Скрип открываемой двери не дал Леониду завершить. Возникшая в дверном проеме Настя смотрела на мужа с нескрываемой брезгливостью.
– Что здесь происходит? – сурово осведомилась она. – Почему Лора лежит на полу? Снова ты ей потакаешь в дурацких капризах?
Леонид встрепенулся, скидывая с себя завораживающий мир волшебной истории, и только теперь заметил, что Лора спит рядом с кукольным столом, свернувшись клубочком и поджав под себя розовые пяточки.
– Настенька, родная… – забормотал переводчик, бросаясь в угол детской и поднимая девочку с пола. – Одну минуту. Сейчас перенесу Лору на кровать.

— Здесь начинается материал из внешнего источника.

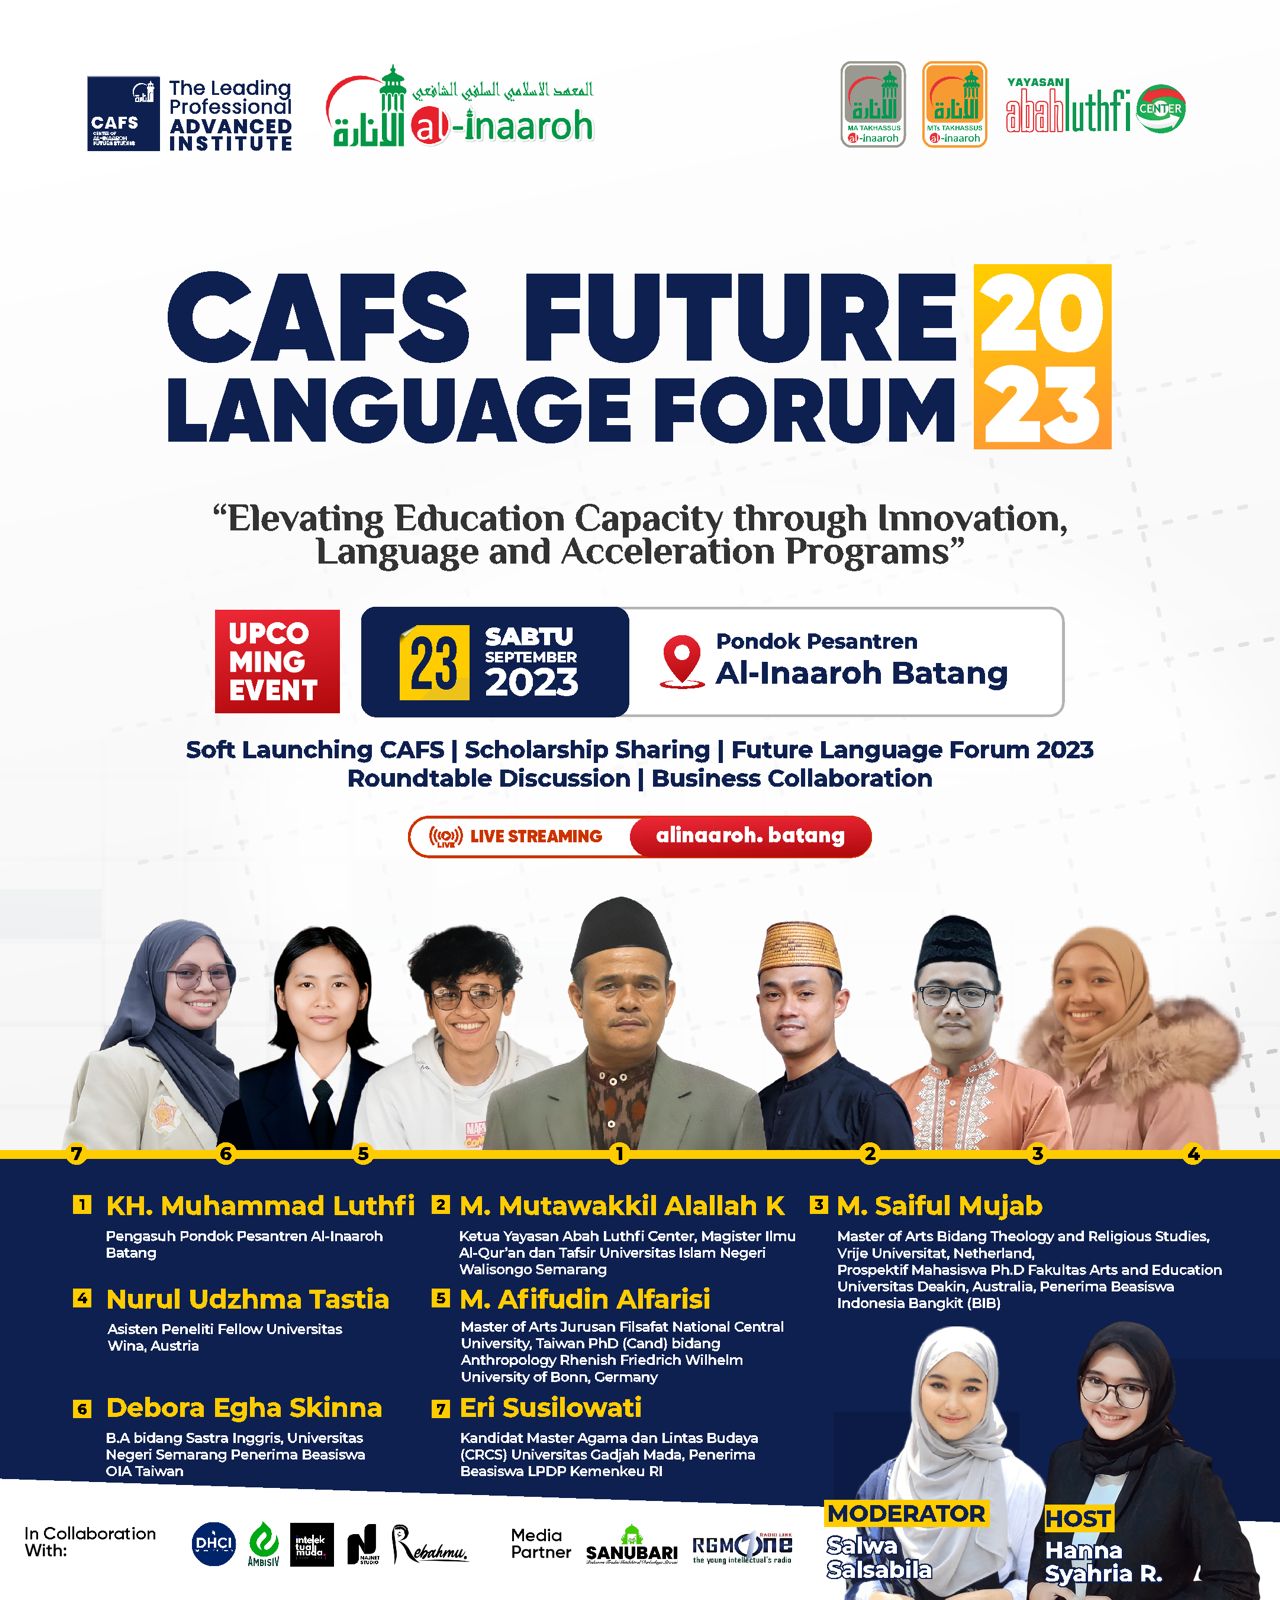 CAFS Future Language Forum 2023: Bentuk Kolaborasi Sinergis Melalui Forum Penguatan Bahasa dengan Berbagai Stakeholder dan Organisasi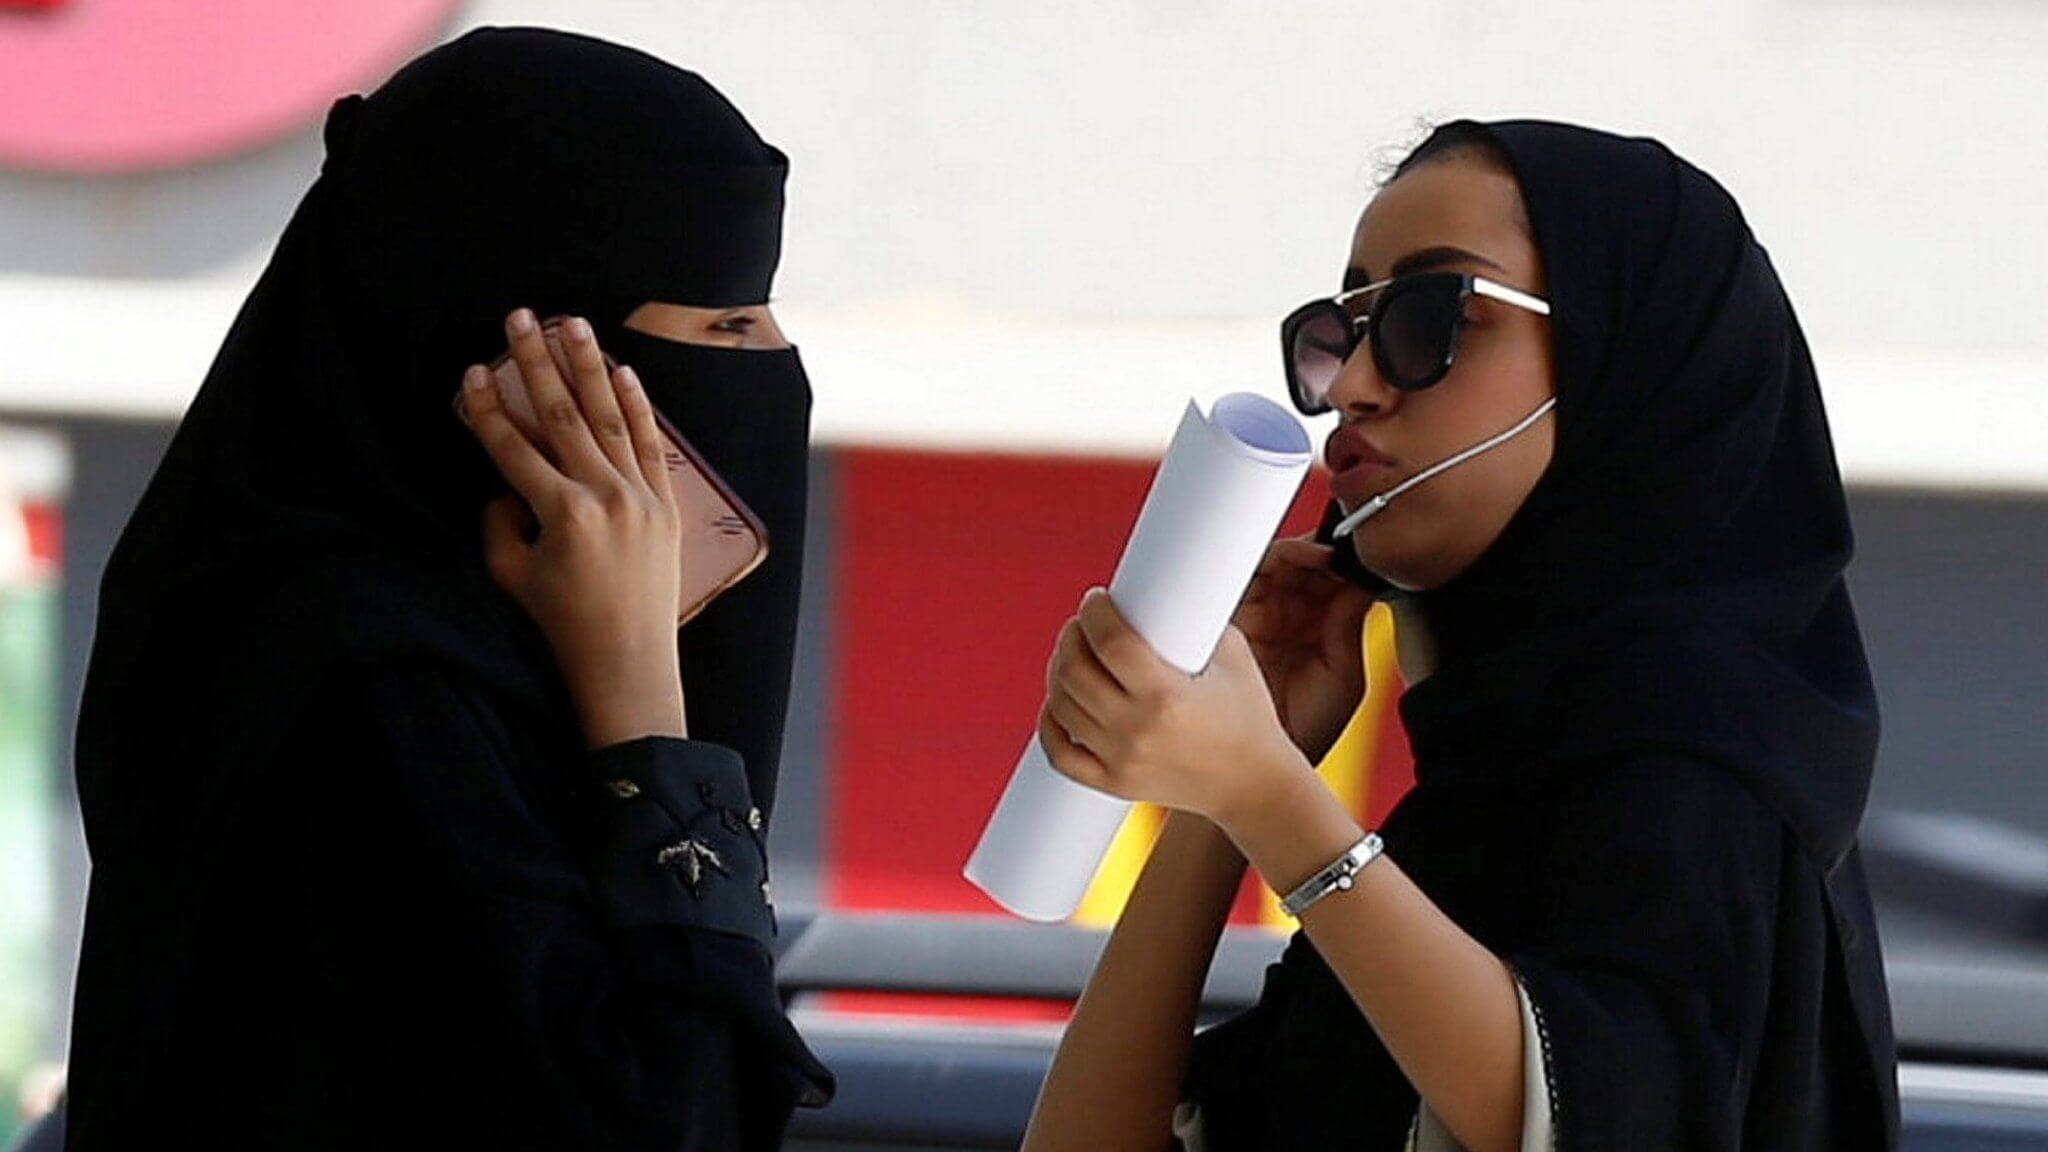 تاريخ جديد تسطّره السعوديّة بقرارات مُنصفة ومُعززة لدور المرأة في المملكة

– Уложишь, подойди к телефону, – сердито потребовала жена. И едко добавила: – Тебе звонит какой-то забулдыга по просьбе твоего отца. Совсем папаша твой допился! Сам позвонить не может, просит собутыльника. Интересно, что ему вдруг понадобилось? Наверное, денег клянчить станет. У нас у самих с деньгами негусто. Но разве это кого-то волнует?
Отца своего Леонид не любил и не общался с ним, но, справедливости ради, не мог не возразить, что тот ни разу не обращался с просьбой о деньгах. Возразил он это, конечно, не вслух, а про себя. Давно уже переводчик перестал разговаривать с женой о чем-то еще, кроме вещей, относящихся к совместному хозяйству, опасаясь нарваться на сердитый взгляд, грозный окрик или оскорбительный смех. Все свои мысли Леонид держал при себе, делясь ими лишь с маленькой дочерью, да и то исключительно потому, что Лора многого еще не понимает и ей можно выговориться, не объясняясь и не оправдываясь.
Бережно подхватив девочку на руки, отец, стараясь ступать осторожно, отнес Лору к кроватке и уложил, накрыв одеялом до самого подбородка. Склонившись, долго с нежностью смотрел на детское свежее личико, затем поцеловал малышку в щеку и, умилившись ее бормотанию во сне, на цыпочках вышел из детской комнаты. Трубка лежала на круглом телефонном столе рядом с входной дверью, и Леонид, усевшись на оббитый медными гвоздиками стул, ухватил ее и прижал к уху.
– Мухин у аппарата, – сухо обронил он, вслушиваясь в приглушенный шум на другом конце провода.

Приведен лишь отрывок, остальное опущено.